5. Multiplex PCR and target labeling

Multiplex PCR amplification was done with un-digested and HpaII-, MspI-digested DNA with 9 primer sets to label 50 target promoter regions. During amplification step, fluorescent dyes were incorporated into the amplicons; Cy3-dUTP in MspI-digested targets, Cy5-dUTP in HpaII-digested targets, and undigested samples labeled with Cy5-dUTP by same multiplex PCR.

6. Hybridization and methylation DNA microarray analysis

After PCR amplification all the amplicons were mixed, microarray hybridization was performed at 65℃ for 4 hours in the humidified chamber (GenomicTree, Daejeon, South Korea). The hybridized microarray was imaged by scanner (Axon Instruments, CA, USA). If the signal intensity of HpaII amplicon is 2-fold greater than that of MspI amplicon, the target region was considered to be methylated, while less than 2-fold was considered to be unmethylated.

7. Validation of microarray with gel electrophoresis

Undigested, HapII-, MspI-digested DNA were resolved on 1.2% Agarose Gel (SeaKem LE Agarose®, Cambrex, Rockland, USA) with voltage 100 for 30 minutes and stained with ethidium bromide for visualization under UV light.

Results

1. Patient characteristics

There were 5 male and 5 female patients, the mean age was 62.9 years old. All of 5 male patients had smoking history with forty six of mean pack-years, two of them had squamous cell carcinoma, and the remainders had adenocarcinomas. 5 female patients were all non-smokers, 3 of them had adenocarcinomas, one had squamous cell carcinoma, and the remainder had other kind of NSCLC, respectively (Table 1).

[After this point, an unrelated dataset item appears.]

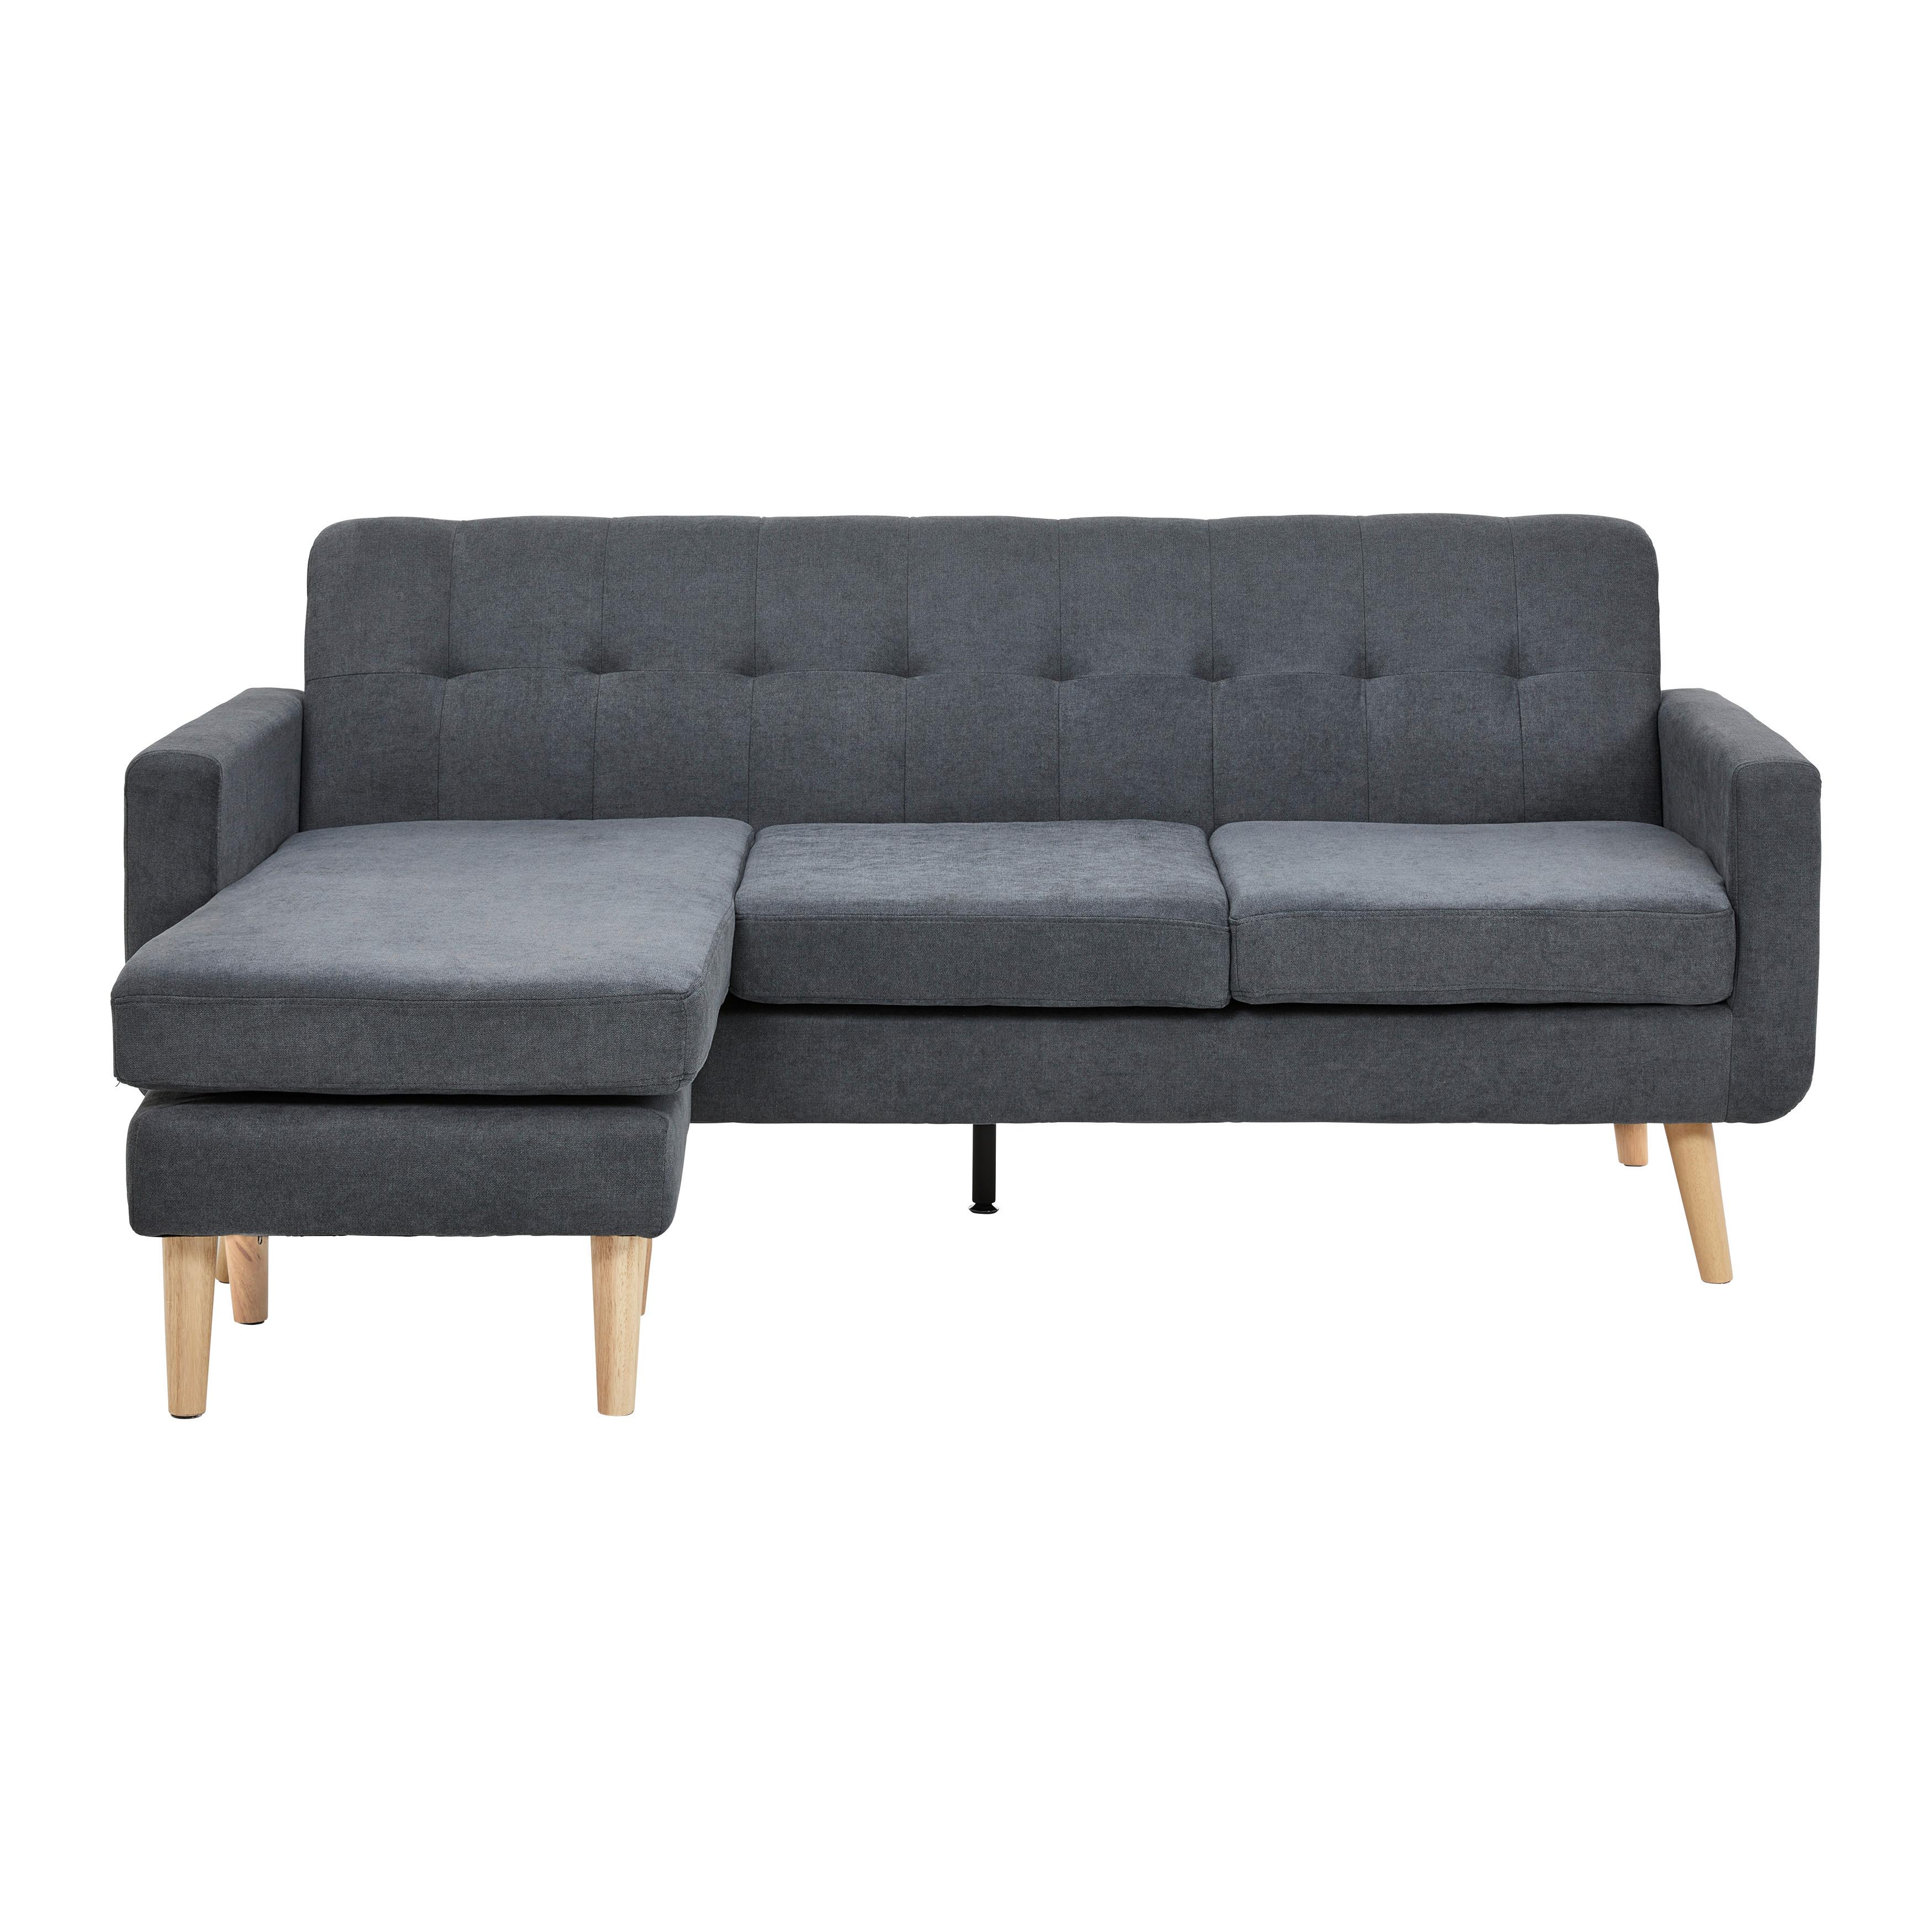 Sedežna Garnitura Tamara, Oblika L - temno siva/naravne barve, Moderno, tekstil/les (198/83/143cm) - Bessagi Home

2. Results from microarray

The methylation microarray assay was performed for tumor tissue and adjacent normally-appearing tissue using HpaII-MspI methylation microarray. The PCR was successful for 21 genes (APC, AR, BRCA1, CALCA, CDH13, CFTR, EDN1, EPHA3, H19, HTR1B, LAMA5, LDHB, LTB4R, MTHFR, MUC2, PIK3CG, PTGS2, RAR-b, S100A2, SHP1, and SRBC) from 50 genes, others were not available because of PCR failure (Figure 2). APC, AR, RAR-b, HTR1B, EDHA3, CFTR and were hypermethylated in tumor tissue than adjacent normally appearing tissue. CDH13, CALCA, LAMA5, MTHFR, PIC3CG, S100A2, SHP1, EDN1, H19, MUC2, and LTB4R were commonly methylated in tumor and non-tumor sample and we found that these genes were hypermethylated in normal control, as well (Figure 3). Among the rest of genes excluding aforementioned eleven genes, four genes (SRBC, LDHB, BRCA1, and PTGS2) were not methylated in tumor tissue. Then six genes, APC, AR, RAR-b, HTR1B, EPHA3, and CFTR, finally turned out to be more frequently methylated in tumor tissue and unmethylated in non-tumor tissue and control group (Table 2).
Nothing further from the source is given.